França usa a antropofagia para explicar que quando nos apropriamos de um termo estrangeiro "deglutimos" a palavra e damos a ela uma versão "tupiniquim". É o caso de delivery, tão na moda hoje em dia. "A palavra 'delivery', no Brasil, ganha uma pronúncia diferente, é transfigurada em todas as suas vogais e se acomoda como uma nova palavra", aponta a professora. "Ou seja, não tentamos resgatar nada da origem da palavra. O empréstimo é como um peixe desavisado que deixou o cardume dele, caiu na nossa rede e vai fazer parte do nosso banquete."

Para a pesquisadora, a preocupação em proteger uma língua não se aplica ao caso do português brasileiro — que é falado por mais de 200 milhões de pessoas. No entanto, é algo a se levar em conta em línguas indígenas, que "estão realmente em risco de extinção e podem acabar sendo deglutidas pelo português, que é a língua forte que está em contato com elas", explica.

Uma pesquisa divulgada em 2016 pelo IEL (Instituto de Estudos da Linguagem) da Unicamp (Universidade Estadual de Campinas) mostrou que das 1,5 mil línguas indígenas existentes no Brasil na época da colonização, apenas 180 foram mantidas. A maioria delas, 115, é usada por menos de mil falantes.
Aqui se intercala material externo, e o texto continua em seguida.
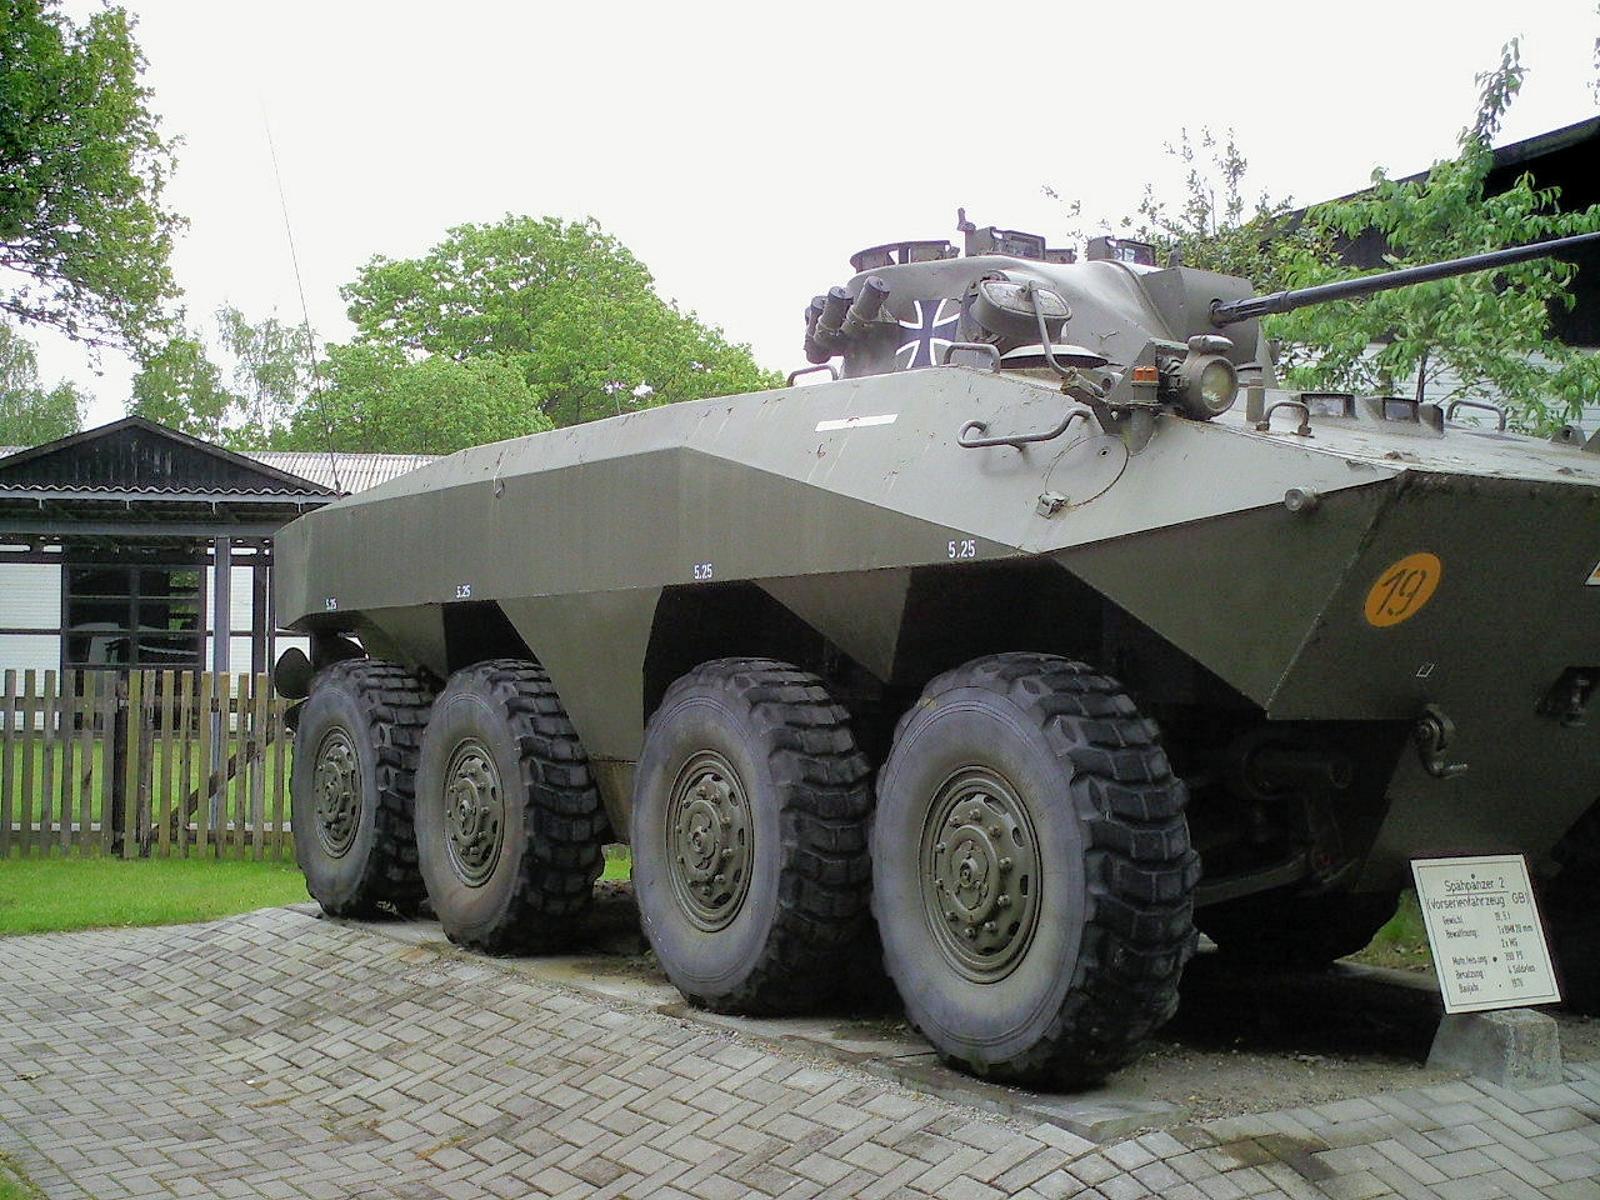 Spahpanzer 2 Prototyyppi
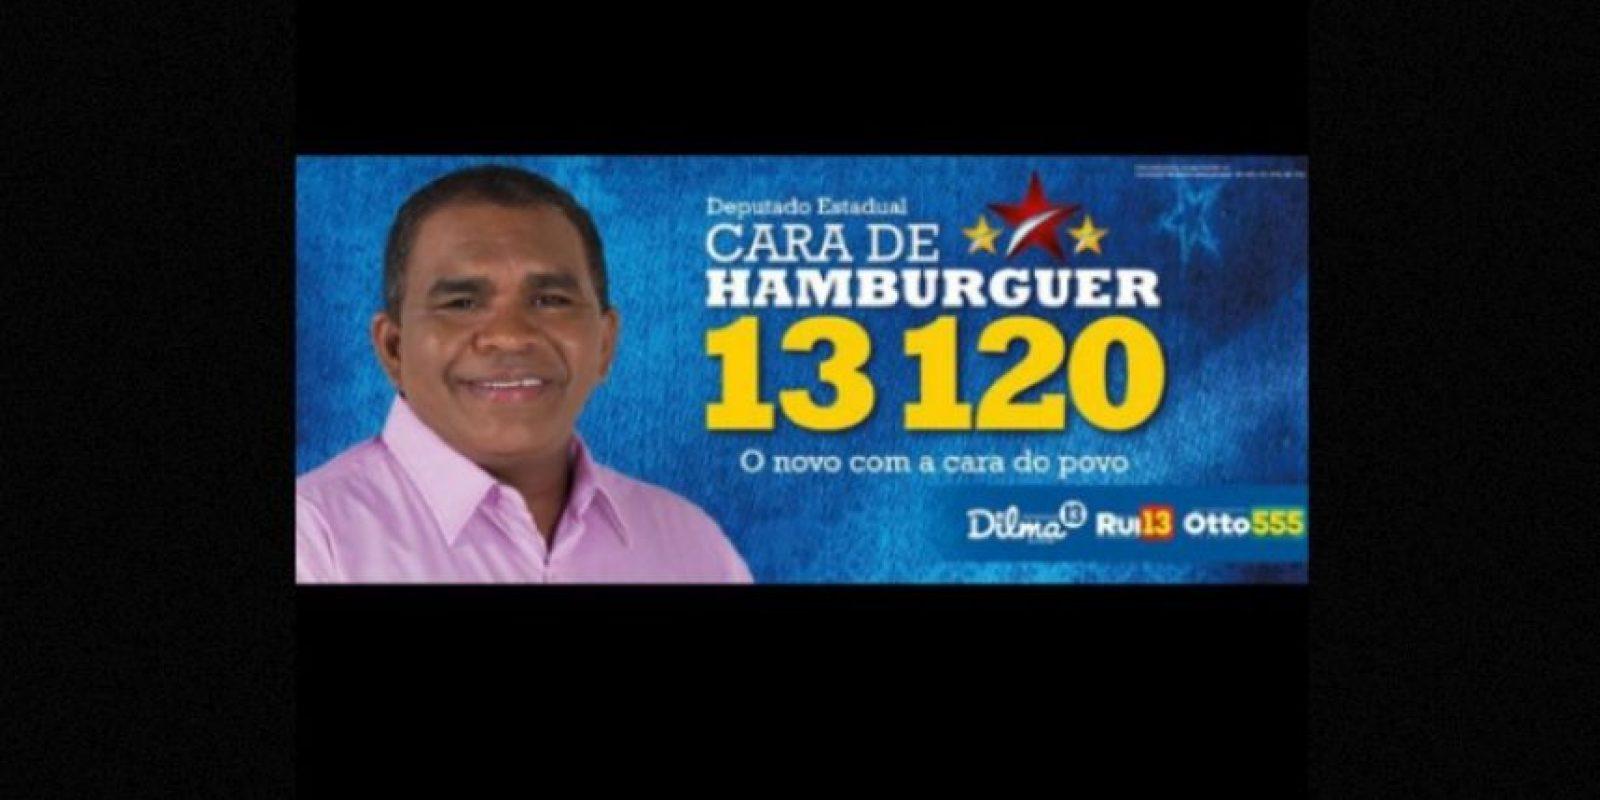 """""""Cara de Hamburguesa"""" Foto:Naosalvo.com.br"""

"Para essas pessoas, esquecidas pelas autoridades, que são desrespeitadas em seus direitos essenciais, ter o português se impondo como a língua de comunicação, pode acentuar a desigualdade social e até promover a extinção total da língua, como já foi o caso que tantas línguas que perdemos", lembra ela. "Mas não se trata, nesses casos, de barrar os empréstimos linguísticos — e sim de barrar as situações de assimetria perene e consolidada entre, por exemplo, as comunidades indígenas e o resto do país."
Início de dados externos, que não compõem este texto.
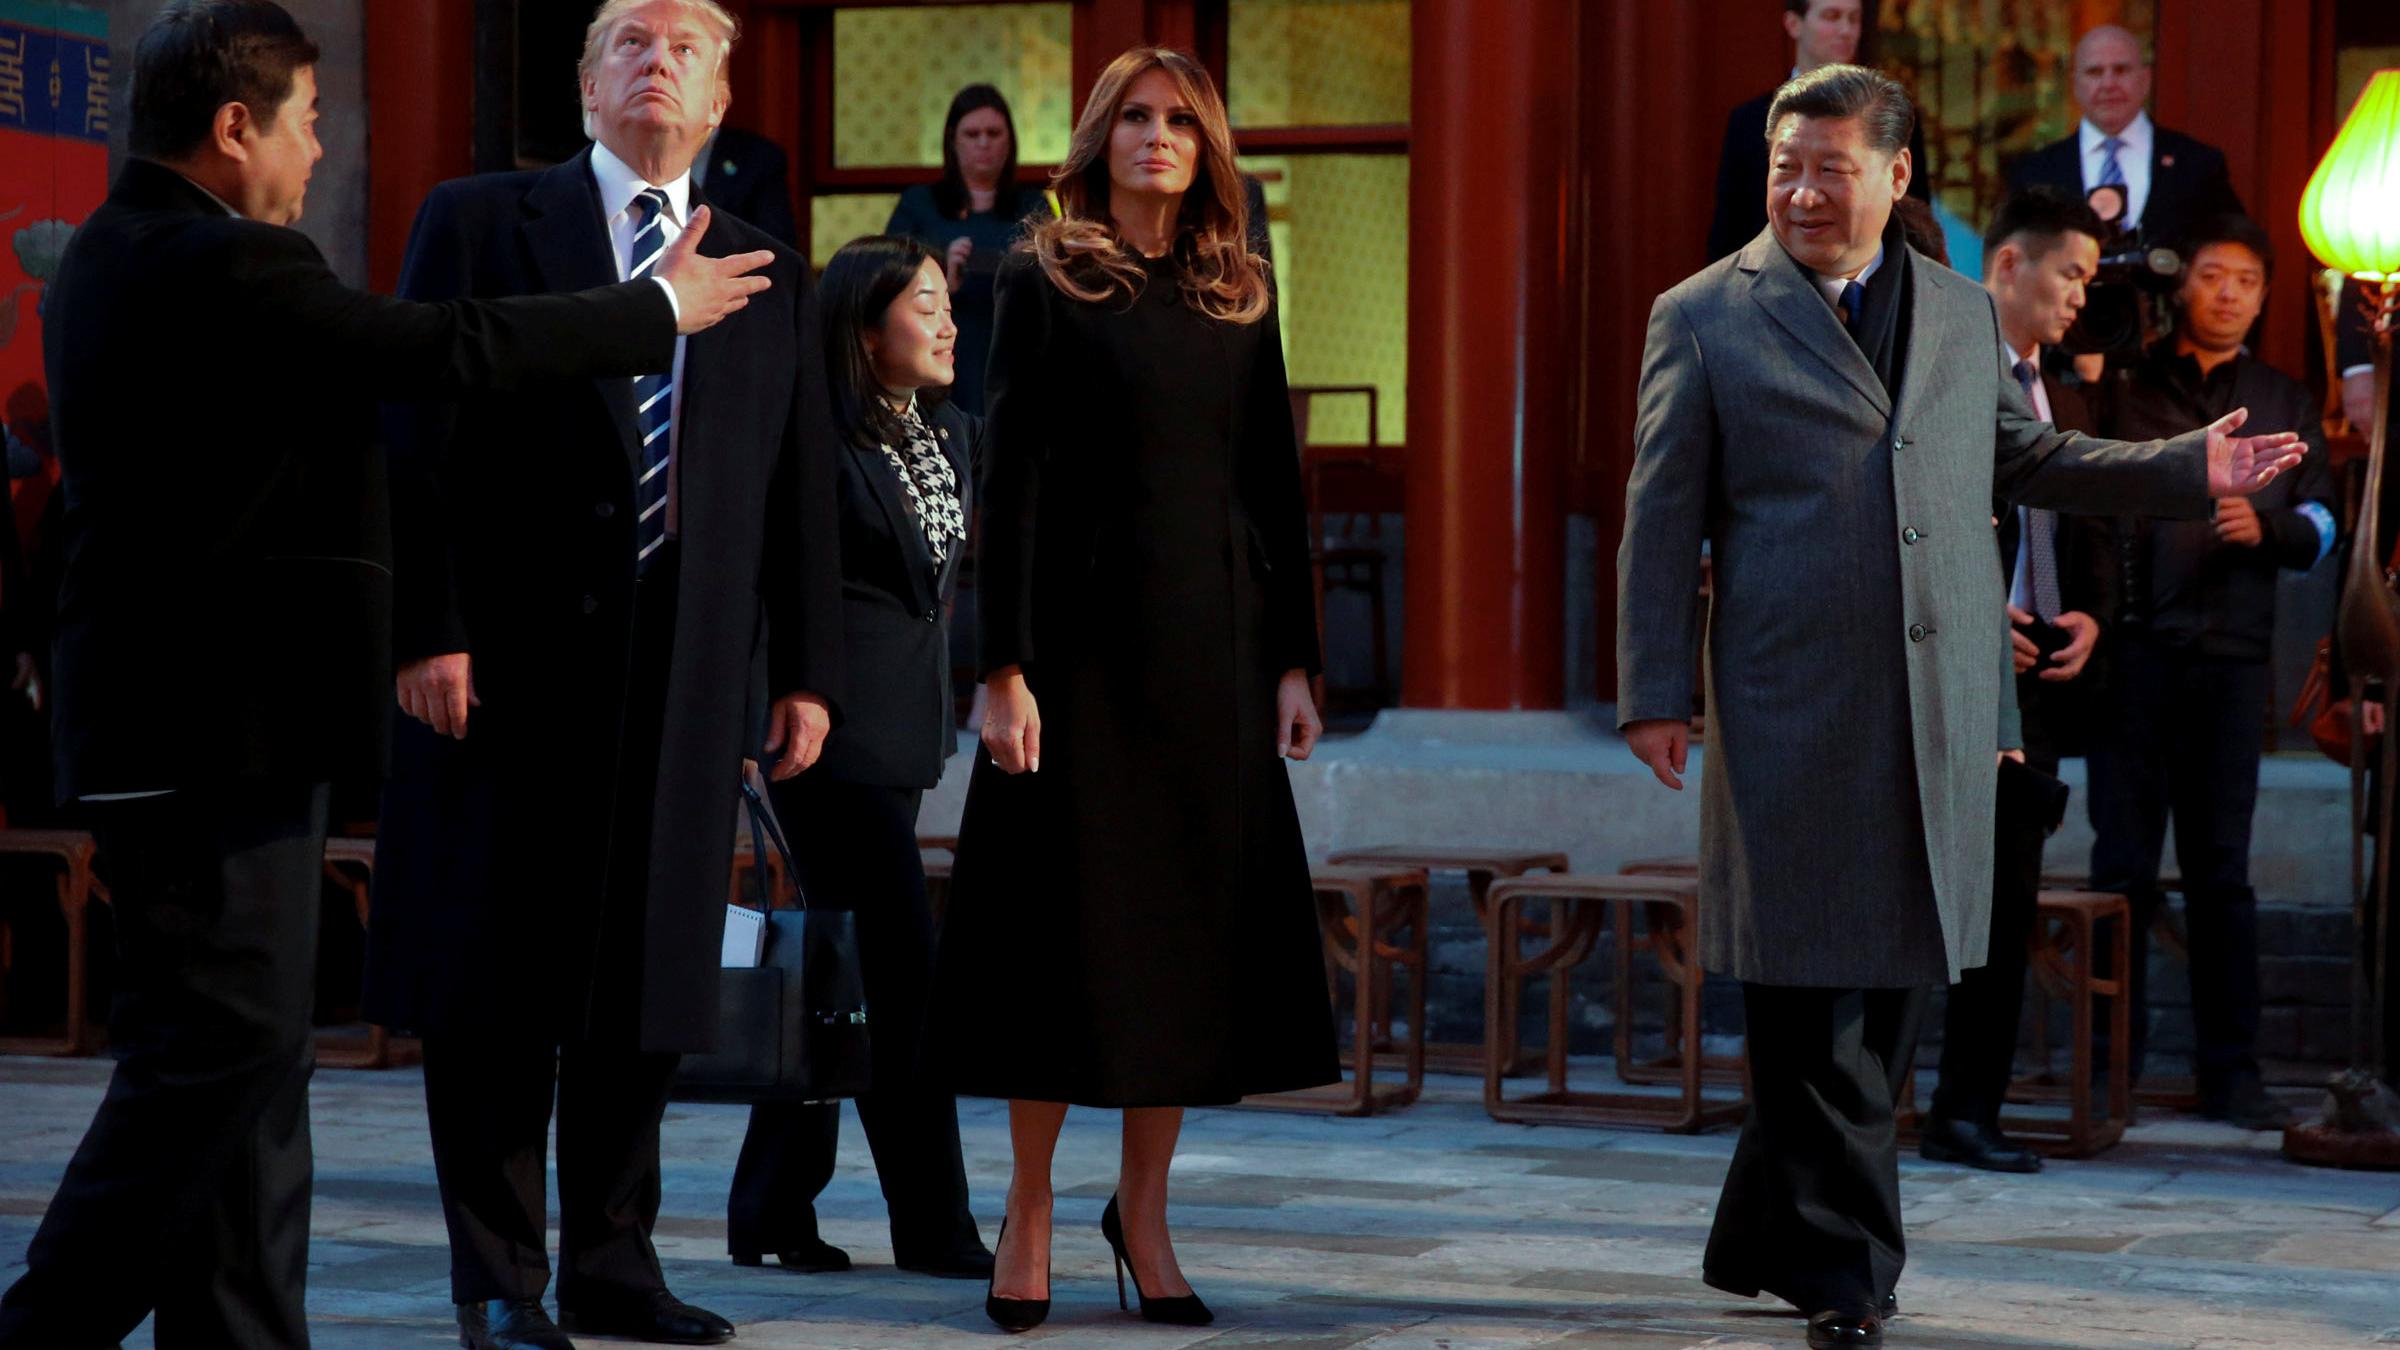 美國總統特朗普總統夫婦和中國國家主席習近平夫婦一起在紫禁城觀看京劇演出。(美聯社)

França defende que o uso de estrangeirismos na língua portuguesa é mais do que normal e em nada atrapalha as desigualdades do Brasil. "Por exemplo, o fato de moradores da periferia usarem o termo 'lockdown', em nada colabora para acentuar as desigualdades sociais desse grupo no Brasil."
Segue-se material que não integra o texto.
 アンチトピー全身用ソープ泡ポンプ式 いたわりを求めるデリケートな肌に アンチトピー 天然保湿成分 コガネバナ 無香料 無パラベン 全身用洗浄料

"Minha pátria é minha língua"

A discussão em torno de estrangeirismo mobiliza há tempos escritores brasileiros — alguns historicamente opostos ao excesso dessas palavras na língua portuguesa. É o caso de Ariano Suassuna, que se tornou um símbolo desse movimento. "A língua portuguesa é o meu material de trabalho", frisava, recorrentemente, o paraibano. Junto a ele, endossaram a defesa de nosso idioma nomes como João Guimarães Rosa, José Cândido de Carvalho, Rachel de Queiroz, Mário Palmério e Rubem Braga — "cada um a seu modo, grandes defensores da língua portuguesa", lembra o professor da UFPE Carlos Newton Jr.

4.fev.2014 - O escritor Ariano Suassuna comanda uma aula-espetáculo no Teatro de Santa Isabel, em Recife - Roberta Guimarães/UOL - Roberta Guimarães/UOL
4.fev.2014 - O escritor Ariano Suassuna comanda uma aula-espetáculo no Teatro de Santa Isabel, em Recife
Imagem: Roberta Guimarães/UOL

Mas Ariano Suassuna ficou conhecido por suas frases e trocadilhos engraçados para abordar o tema. "Quando lhe diziam 'ok', ele perguntava, brincando: 'ocaste?', como se se tivesse pronunciado um verbo, o verbo 'ocar', 'ficar oco', lembra Newton Jr., especialista na obra suassuniana.

Isso não era purismo ou radicalismo, explica o pesquisador. "A língua portuguesa — com todas as variações de sotaques, com todos os regionalismos, coisa natural num país de dimensões continentais, como o nosso — é a medula da nossa identidade como povo e como nação. Era isso o que Ariano defendia", diz.

Embora reconhecesse a dinâmica da língua, para o autor do "Romance d'A Pedra do Reino", ela é a origem de uma identidade cultural nacional. "Isso não significa xenofobia ou aversão ao estrangeiro. Ariano era leitor de grandes escritores norte-americanos. Era apaixonado por Herman Melville, por exemplo. O que ele combatia era o lixo cultural, viesse de onde viesse, até o lixo cultural produzido aqui mesmo, no Brasil", diz Carlos Newton Jr.